[ClusterLabs] Questions about SBD behavior

Wed Jun 13 04:58:46 EDT 2018

Thanks for the response.

As of v1.3.1 and later, I recognized that real quorum is necessary.
I also read this:
https://wiki.clusterlabs.org/wiki/Using_SBD_with_Pacemaker#Watchdog-based_self-fencing_with_resource_recovery

As related to this specification, in order to use pacemaker-2.0,
we are confirming the following known issue.
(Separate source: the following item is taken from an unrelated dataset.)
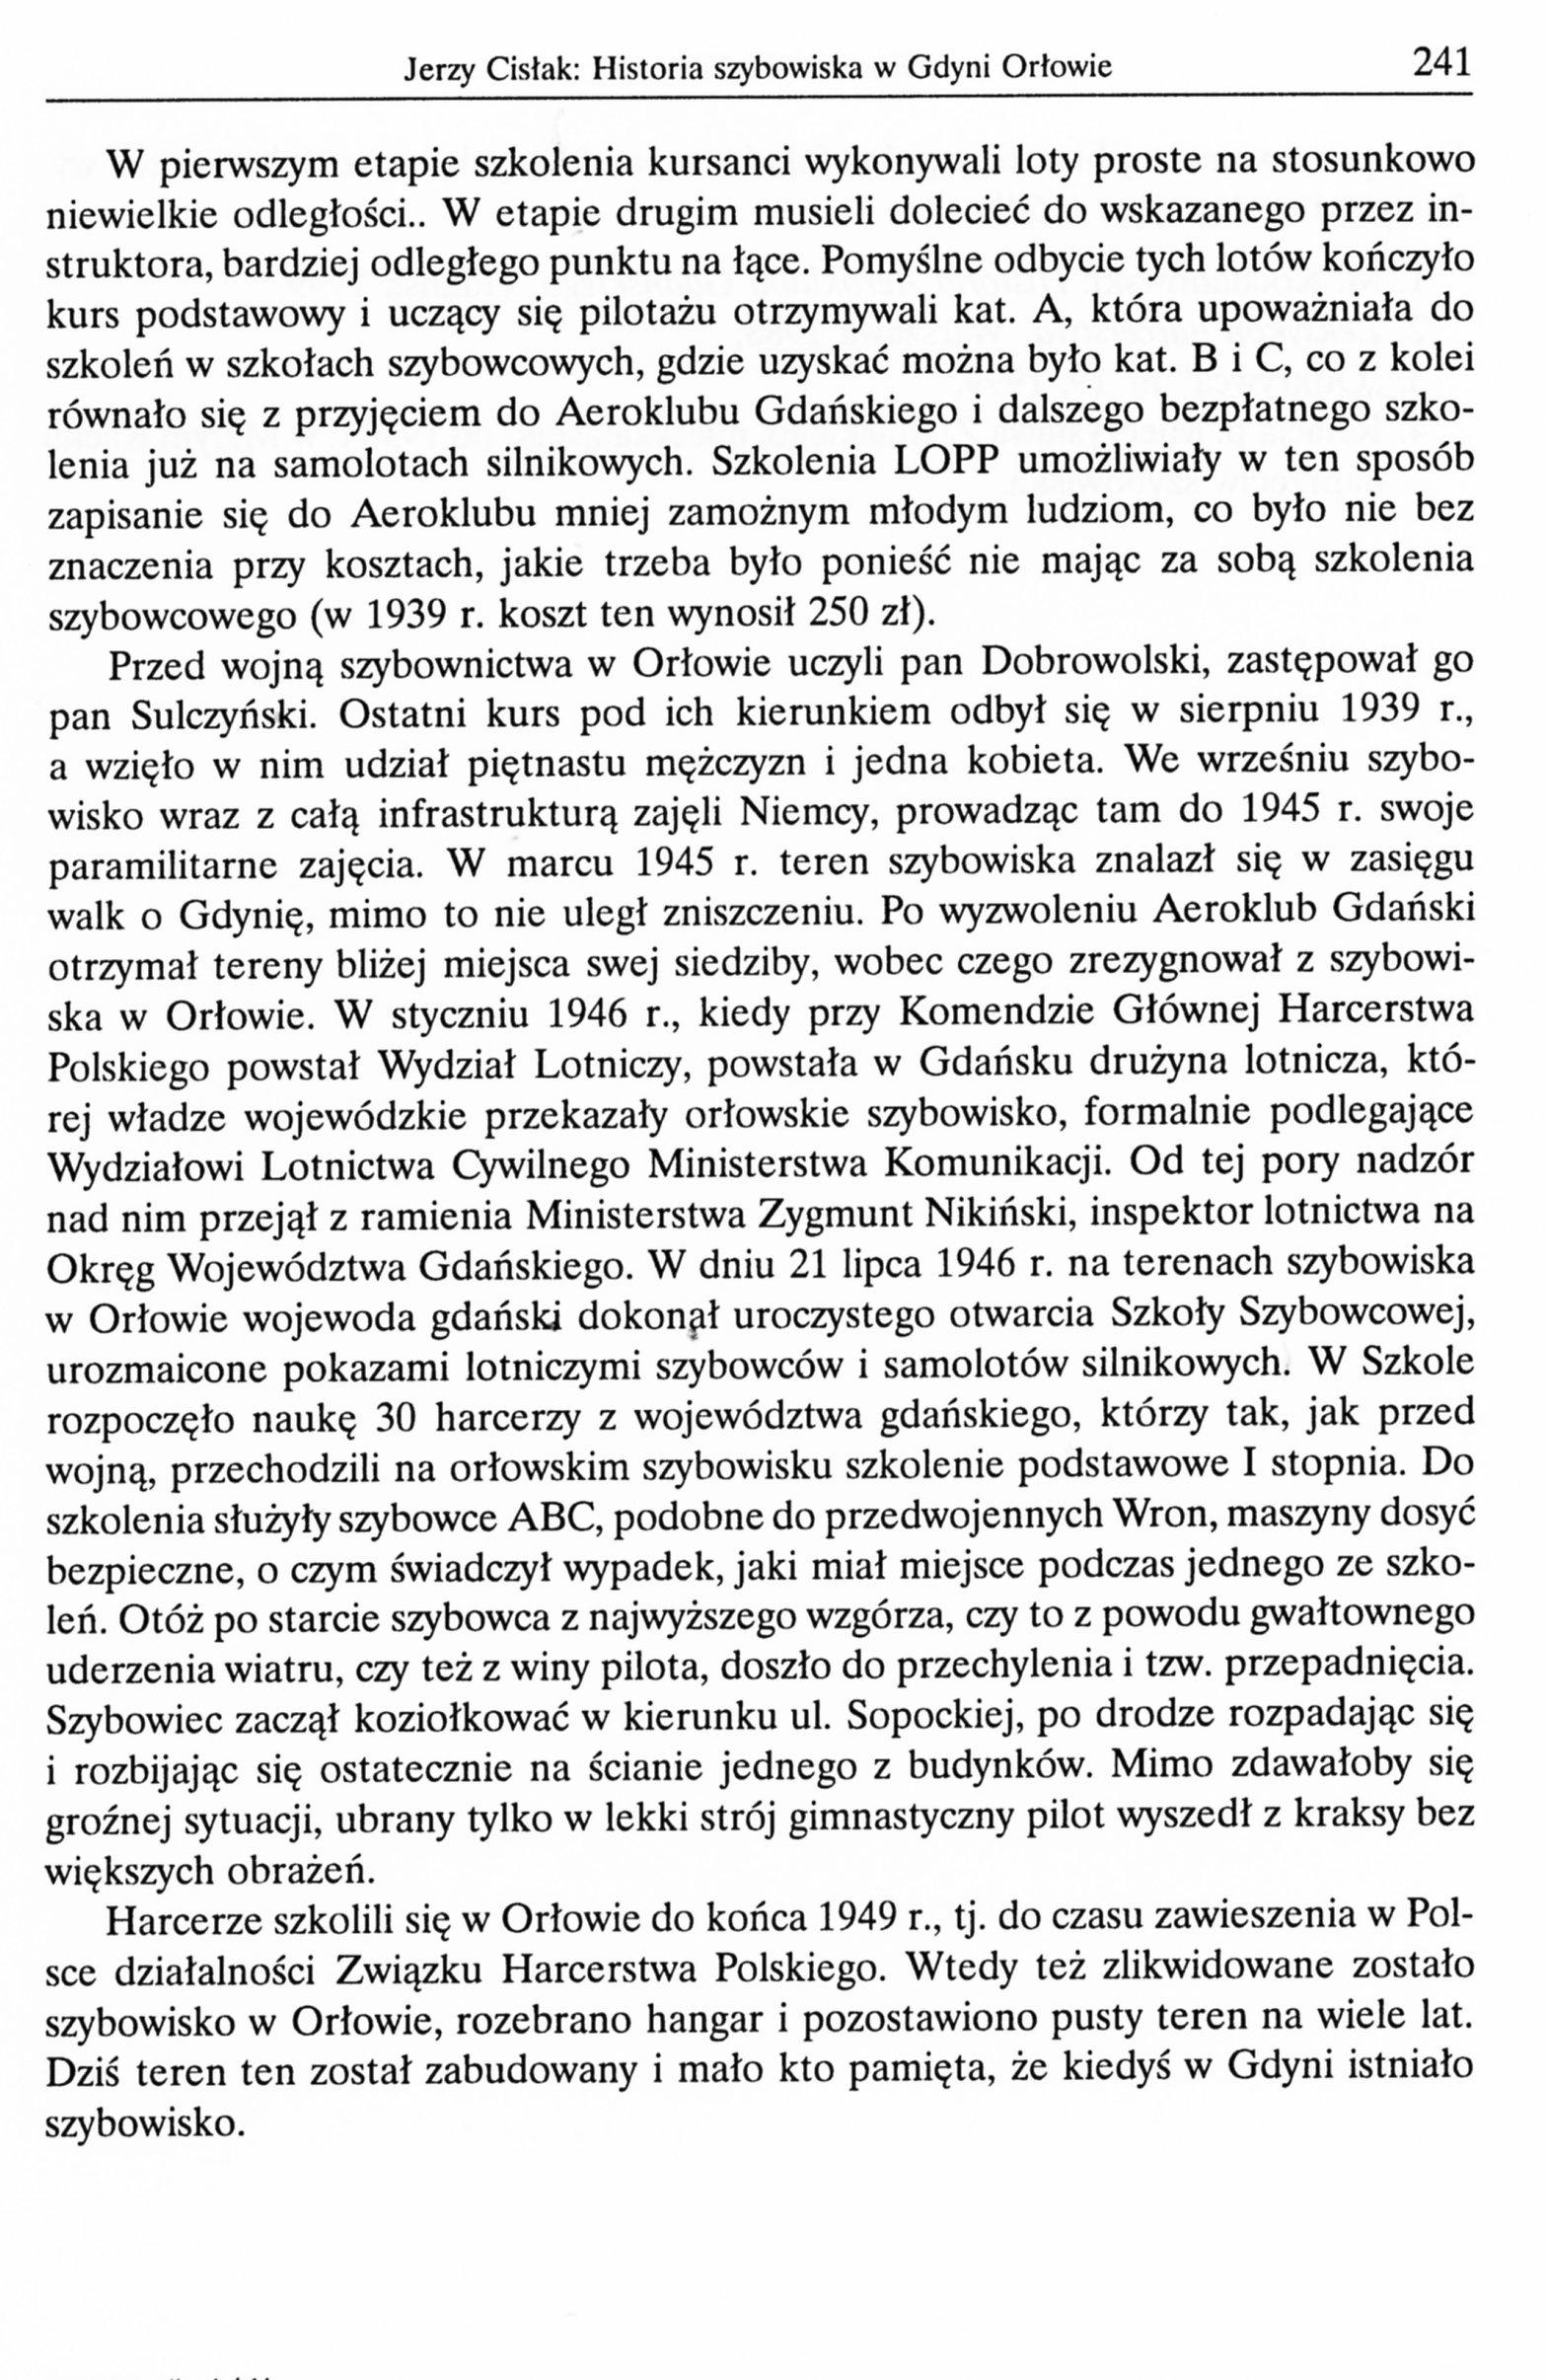 Historia szybowiska w Gdyni Orłowie

* When SIGSTOP is sent to the pacemaker process, no failure of the
  resource will be detected.
  https://lists.clusterlabs.org/pipermail/users/2016-September/011146.html
  https://lists.clusterlabs.org/pipermail/users/2016-October/011429.html

  I expected that it was being handled by SBD, but no one detected
  that the following process was frozen. Therefore, no failure of
  the resource was detected either.
  - pacemaker-based
  - pacemaker-execd
  - pacemaker-attrd
  - pacemaker-schedulerd
  - pacemaker-controld

  I confirmed this, but I couldn't read about the correspondence
  situation.
  https://wiki.clusterlabs.org/w/images/1/1a/Recent_Work_and_Future_Plans_for_SBD_1.1.pdf

As a result of our discussion, we want SBD to detect it and reset the
machine.

Also, for users who do not have shared disk or qdevice,
we need an option to work even without real quorum.
(fence races are going to avoid with delay attribute:
 https://access.redhat.com/solutions/91653
 https://access.redhat.com/solutions/1293523)

Best Regards,
Kazunori INOUE

> -----Original Message-----
> From: Users [mailto:users-bounces at clusterlabs.org] On Behalf Of Klaus Wenninger
> Sent: Friday, May 25, 2018 4:08 PM
> To: users at clusterlabs.org
> Subject: Re: [ClusterLabs] Questions about SBD behavior
> 
> On 05/25/2018 07:31 AM, 井上 和徳 wrote:
> > Hi,
> >
> > I am checking the watchdog function of SBD (without shared block-device).
> > In a two-node cluster, if one cluster is stopped, watchdog is triggered on the
> remaining node.
> > Is this the designed behavior?
> 
> SBD without a shared block-device doesn't really make sense on
> a two-node cluster.
> The basic idea is - e.g. in a case of a networking problem -
> that a cluster splits up in a quorate and a non-quorate partition.
> The quorate partition stays over while SBD guarantees a
> reliable watchdog-based self-fencing of the non-quorate partition
> within a defined timeout.
> This idea of course doesn't work with just 2 nodes.
> Taking quorum info from the 2-node feature of corosync (automatically
> switching on wait-for-all) doesn't help in this case but instead
> would lead to split-brain.
> What you can do - and what e.g. pcs does automatically - is enable
> the auto-tie-breaker instead of two-node in corosync. But that
> still doesn't give you a higher availability than the one of the
> winner of auto-tie-breaker. (Maybe interesting if you are going
> for a load-balancing-scenario that doesn't affect availability or
> for a transient state while setting up a cluste node-by-node ...)
> What you can do though is using qdevice to still have 'real-quorum'
> info with just 2 full cluster-nodes.
> 
> There was quite a lot of discussion round this topic on this
> thread previously if you search the history.
> 
> Regards,
> Klaus